Government Response: Agreeing with the need for supportive environments in prisons, the government detailed initiatives under the neurodiversity action plan, including the rollout of autism accreditation and neurodiversity support managers in prisons, along with piloting digital interventions for neurodivergent individuals exiting the prison system. These efforts are aimed at improving identification and support for neurodivergent individuals within the justice system.

5. Considerations to be paid to the reasonable adjustments flag

Finally, a recent introduction by NHS England is a ‘reasonable adjustments digital flag’ within patient records, to ensure health and social care staff are made aware of a patient’s neurodiversities at the point of contact. This was a consideration raised by the committee.

Recommendation: The committee recommended that all people known to mental health service with learning disabilities or autism should have a reasonable adjustment flag attached to their record, with an option for individualised adjustments of preferred communication and the name of their advocate.

Government response: The government agreed with the committee’s recommendation, adding that the reasonable adjustments flag will need to take account of an individual’s needs and wishes.

Conclusion

These recommendations and the response from the government sets out the government’s approach to refining and implementing policies and legislation to improve the inpatient psychiatric care of individuals with neurodiversities, learning disabilities and autism. It is clear that this is on the government’s radar, but clearly figures show that there is significantly more work to be done. In particular, the date that the bill will be implemented is unknown as it was absent from the 2023 King’s Speech. It has not been included in the “wash up” legislation prior to the close of Parliamentary business before the General Election in July. Whether it finds its way back onto the agenda will largely depend on priorities post election, although both main parties have pledged to continue with the reforms.

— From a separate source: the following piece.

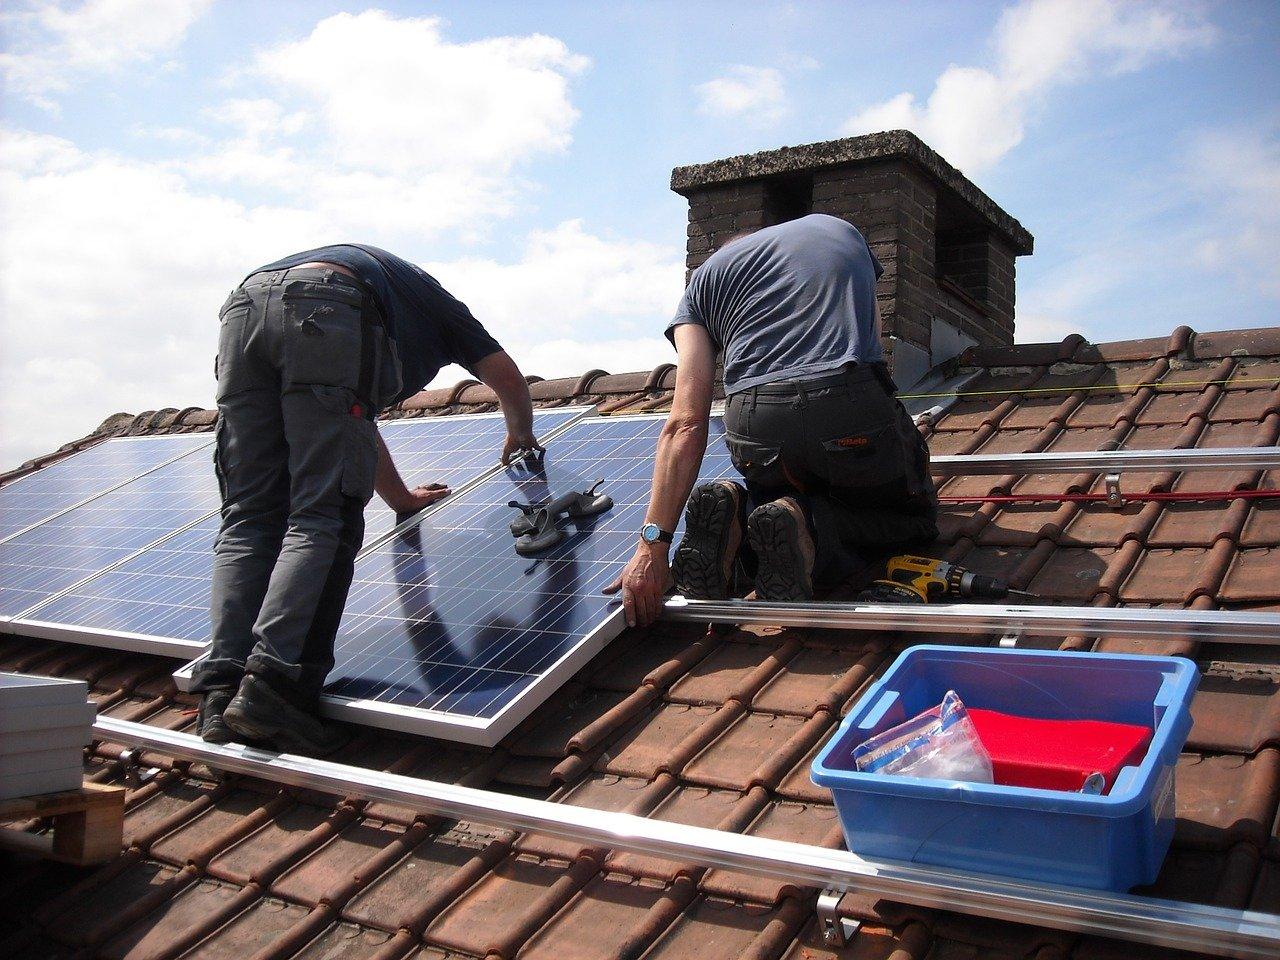 Comment installer un panneau solaire maison ?
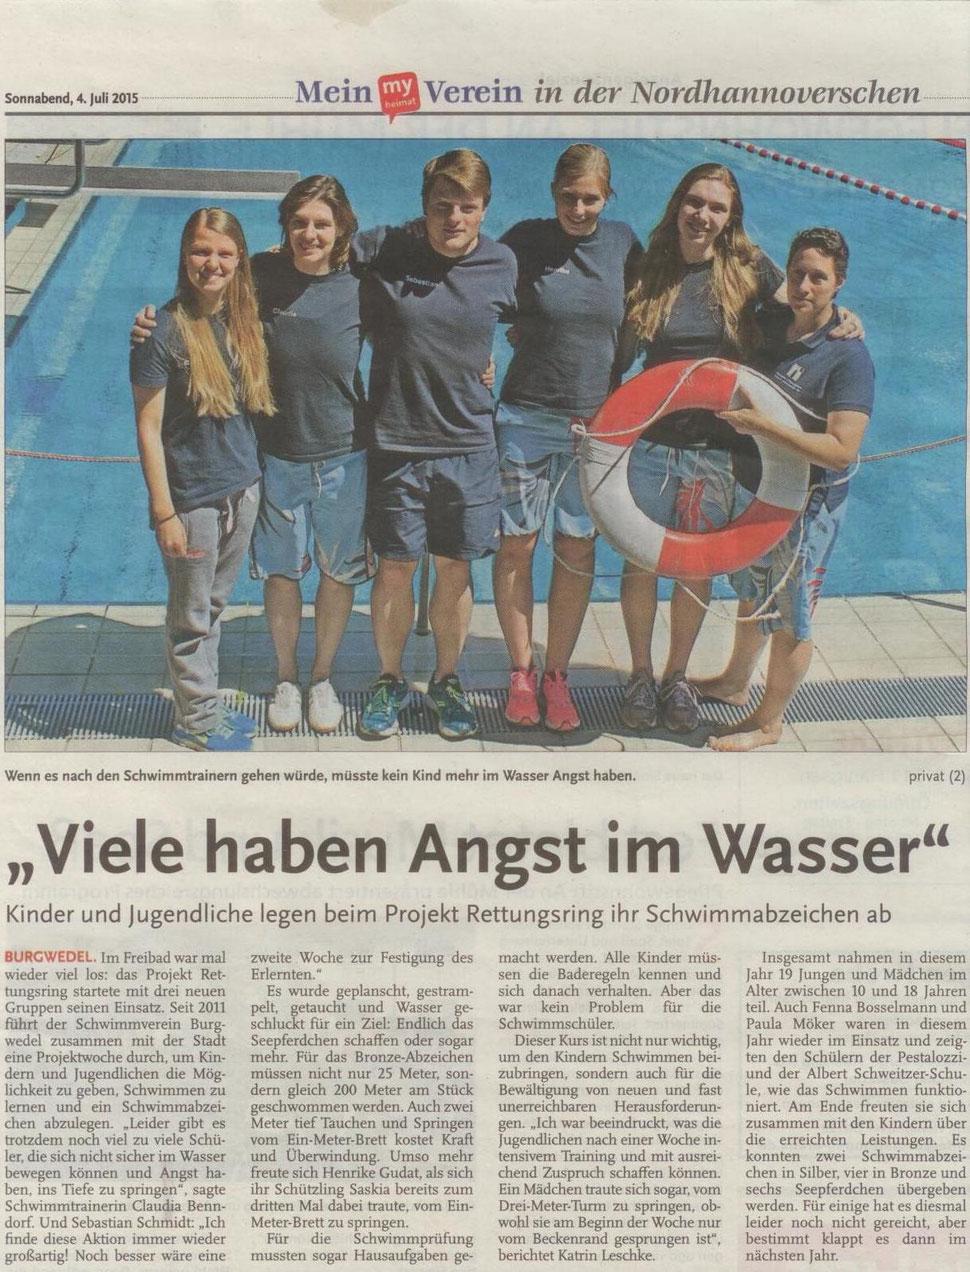 Rettungsschwimmer des SV Burgwedel, HAZ vom 4.7.2015

For practitioners engaged in mental health and capacity law, understanding these developments is crucial. The evolving legislative landscape presents challenges and opportunities to advocate for better outcomes for individuals with learning disabilities and autism. Staying informed and proactive in understanding both the legal frameworks and practical realities of care will be essential in ensuring that the rights and well-being of this vulnerable population are effectively protected and promoted.